Spacetime estimates and scattering theory for quasilinear Schrödinger equations in arbitrary space dimension

Abstract: In this paper, we consider the following Cauchy problem of \begin{equation*} \left{ \begin{array}{lll} iu_t=\Delta u+2\delta_huh'(|u|^2)\Delta h(|u|^2)+V(x)u+F(|u|^2)u+(W*|u|^2)u,\ x\in \mathbb{R}^N,\ t>0\ u(x,0)=u_0(x),\quad x\in \mathbb{R}^N. \end{array}\right. \end{equation*} Here $\delta_h$ is a constant, $N\geq 1$, $h(s)$, $F(s)$, $V(x)$ and $W(x)$ are some real functions, $W(x)$ is even. Besides obtaining some sufficient conditions on global existence of the solution, we establish pseudoconformal conservation law and give Morawetz type estimates, spacetime bounds and asymptotic behaviors for the global solution.
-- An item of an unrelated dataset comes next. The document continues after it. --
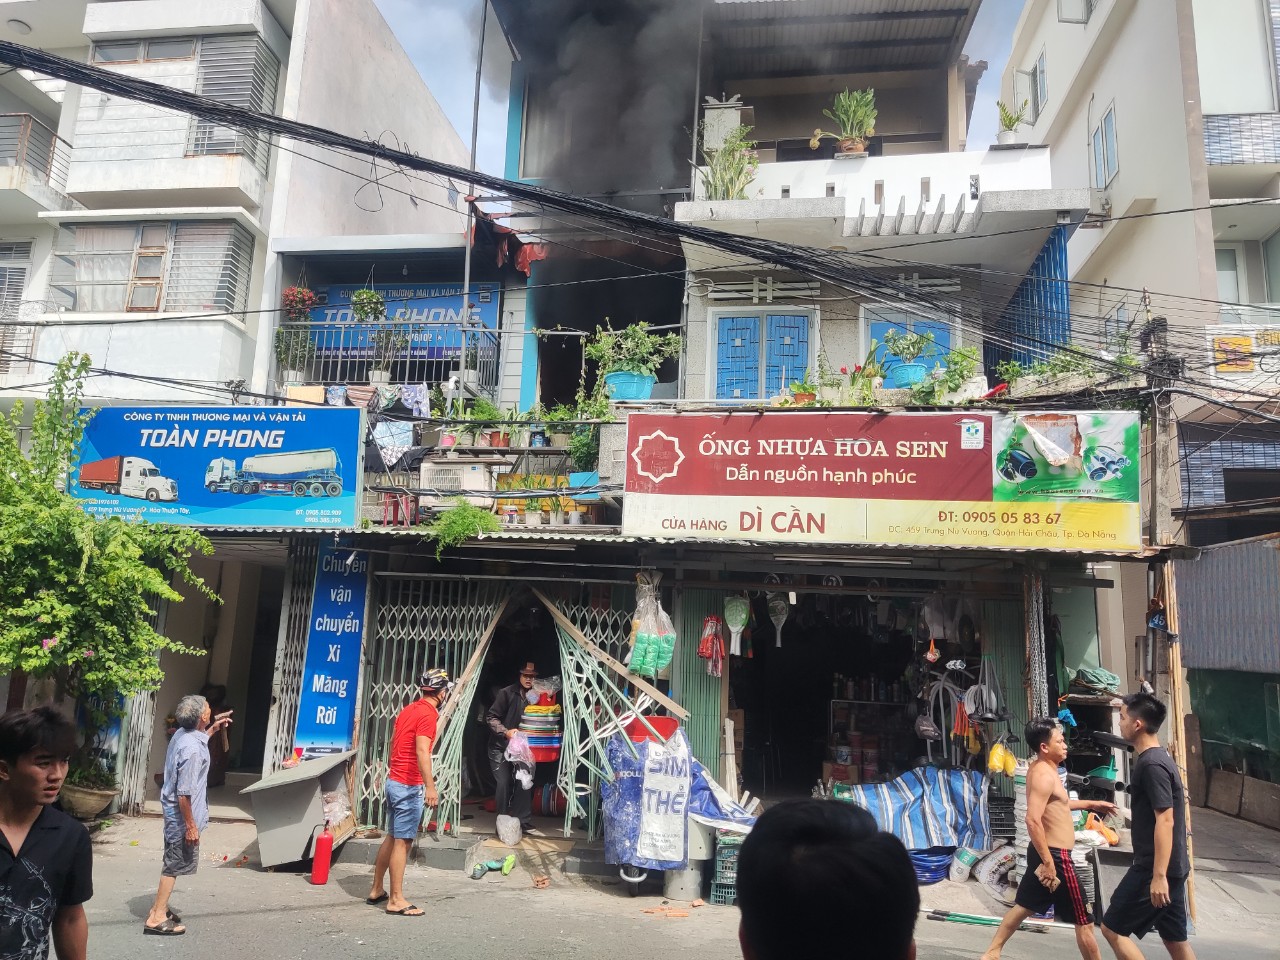 Woman, 2 children die in house fire in Da Nang

We bring two ideas to establish scattering theory, one is that we take different admissible pairs in Strichartz estimates for different terms on the right side of Duhamel's formula in order to keep each term independent, another is that we factitiously let a continuous function be the sum of two piecewise functions and chose different admissible pairs in Strichartz estimates for the terms containing these functions. Basing on the two ideas, we provide the direct and simple proofs of classic scattering theories in $L^2(\mathbb{R}^N)$ and $\Sigma$ for any space dimension($N\geq 1$) under certain assumptions. Here $$ \Sigma={u\in H^1(\mathbb{R}^N),\quad |xu|\in L^2(\mathbb{R}^N)}. $$